Это было лето, когда выяснилось, что я всё умею. Дома я была безрукая, бестолковая и «вся не в породу» — а тут за июнь оказалось, что я умею полоть, не выдирая морковку, снимать пенки с варенья (главная должность лета, ответственнее не было), отличать антоновку от штрейфлинга по листу, а не по яблоку, и читать вслух так, что баба Капа откладывала вязание. Мы читали по вечерам, на кухне, под ходики: я — вслух, она — носок и слушать. «Капитанскую дочку» мы прожили вдвоём, как соседку. Над «Муму» я ревела, а баба Капа сказала: «Реви. Над таким не реветь — последнее дело».

Один раз я подралась. С мальчишками у реки — они камнями кидали в кошку, я полезла, мне расквасили нос, я их доцарапала до крика. Домой пришла парадная: нос распухший, сарафан порванный, в кулаке — трофейная бескозырка. Готовилась к казни по всем домашним стандартам. Баба Капа осмотрела меня, развернула за плечо, заклеила нос подорожником и сказала фразу, которую я потом двадцать пять лет считала ругательством, потому что дома её произносили только так: «Ну что. Наша порода». И в первый раз в жизни я услышала, что это звучит как медаль.

А в октябре меня увезли. Я цеплялась за калитку — буквально, руками, позорно, выла в голос. Баба Капа не ревела — стояла прямая, как всегда, только сказала матери: «Людмила, девочку привози. Девочке тут хорошо». И мать пообещала. Из машины я смотрела назад, пока дом не скрылся за поворотом, и баба Капа всё стояла у калитки — высокая, в платке, с рукой, поднятой не по-машущему, а по-другому: как ставят точку, которая на самом деле запятая. Больше меня не привезли. Никогда. А я двадцать пять лет думала, что это она не позвала.
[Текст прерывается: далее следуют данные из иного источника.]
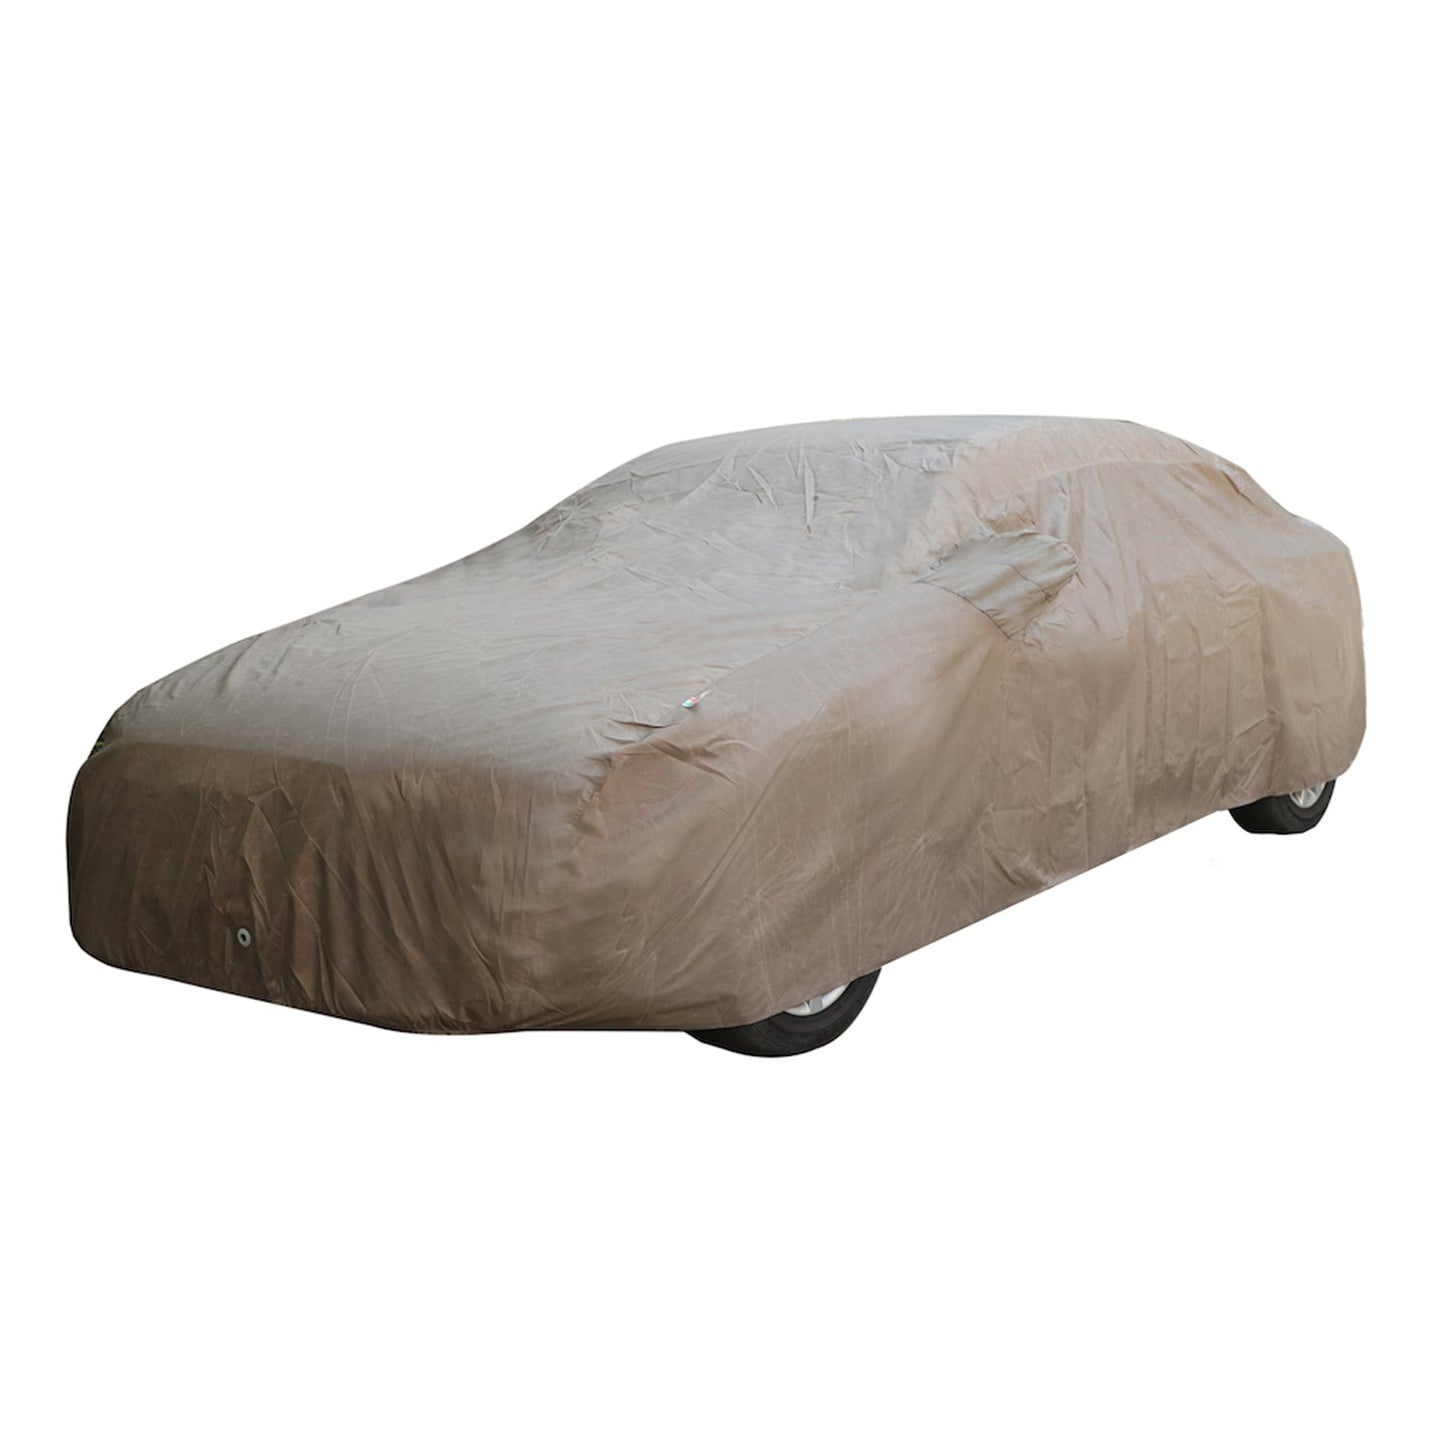 Oshotto Brown 100% Waterproof Car Body Cover with Mirror Pockets For Toyota Corolla Altis

Не знаю, сколько я так просидела. Очнулась от звука. Со стороны крыльца отчётливо проскрипела доска. Потом вторая. Кто-то поднимался по ступеням — неторопливо, по-хозяйски. В пустом доме, в чужом городе, в сумерках. Я замерла с банкой в обнимку, и все городские страхи разом встали по стойке смирно: риелтор? воры? «нечистая сила», про которую «весь город говорит»?

В дверь не постучали. Её — я хорошо это слышала — попробовали лапой.

Потом из-за двери сказали: «Мяу». Но не вопросительно, как просят, а утвердительно, как требуют. Открывайте, мол. Своих держите на пороге.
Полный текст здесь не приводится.